We studied December 2006 formulary listings for general pharmacare programs in all but the smallest Canadian province. We characterized formularies in terms of the simple percentage of all available drugs that were listed on them and by a similar percentage that weighted each drug by its total national retail sales during 2006. We measured agreement among formularies using conventional inter-rater reliability scores (Kappa statistics) and a simple coverage-agreement measure.


Provincial formularies studied here listed between 55% and 73% of the 796 drugs analyzed. When formulary listings were weighted by national retail sales, the measure of formulary coverage exceeded 86% in all provinces studied. Conventional inter-rater reliability scores (Kappa statistics) indicate that coverage agreement among most provincial formularies was low to moderate; however, drugs that were listed on all nine provincial formularies studied accounted for 77% of total retail spending in Canada.

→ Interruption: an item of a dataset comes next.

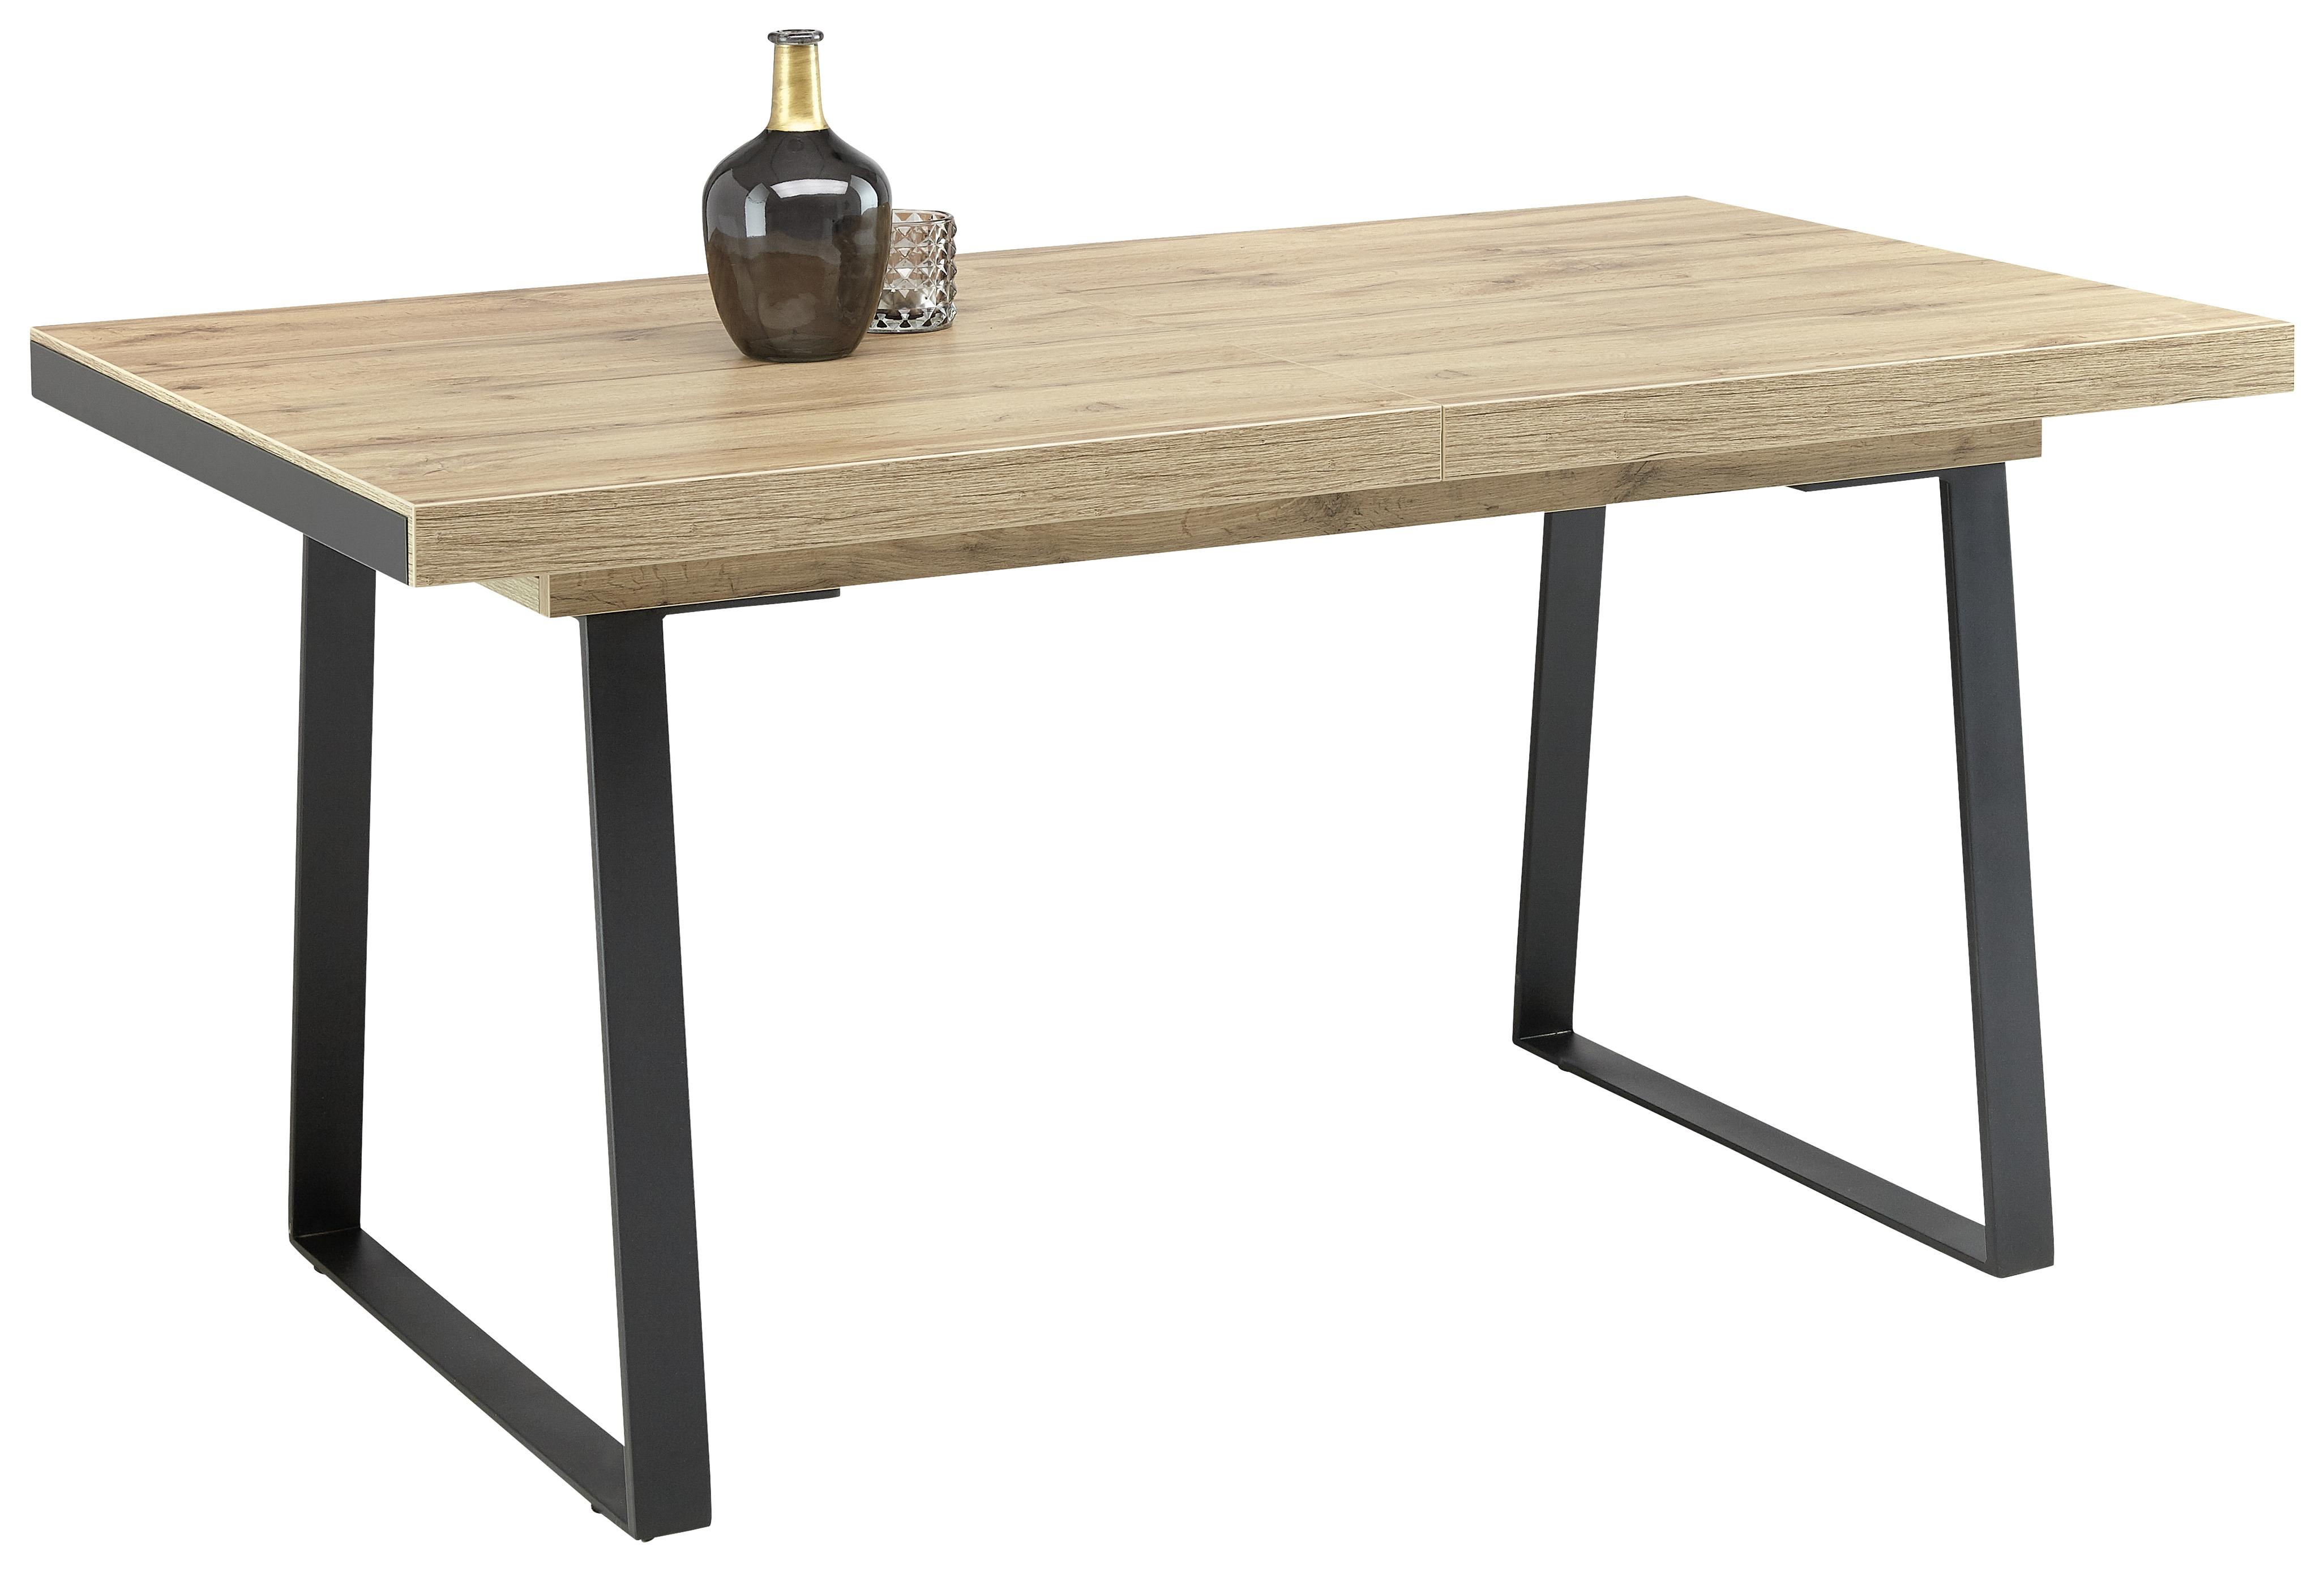 Výsuvný Stůl Skagen 160 Az - černá/barvy dubu, Moderní, kov/kompozitní dřevo (160-205/90/76cm) - Premium Living

When analyzed by therapeutic category, the extent of coverage offered was relatively consistent across provinces in all but three leading categories: anti-migraine drugs, anti-dementia drugs and sedatives.


While variations in coverage for specific drug classes and drug products remain important areas for investigation and policy consideration, Canada is currently operating with a significant "implicit national formulary" by way of the fact that provincial formularies independently yet mutually list most of the top-selling medicines in the marketplace.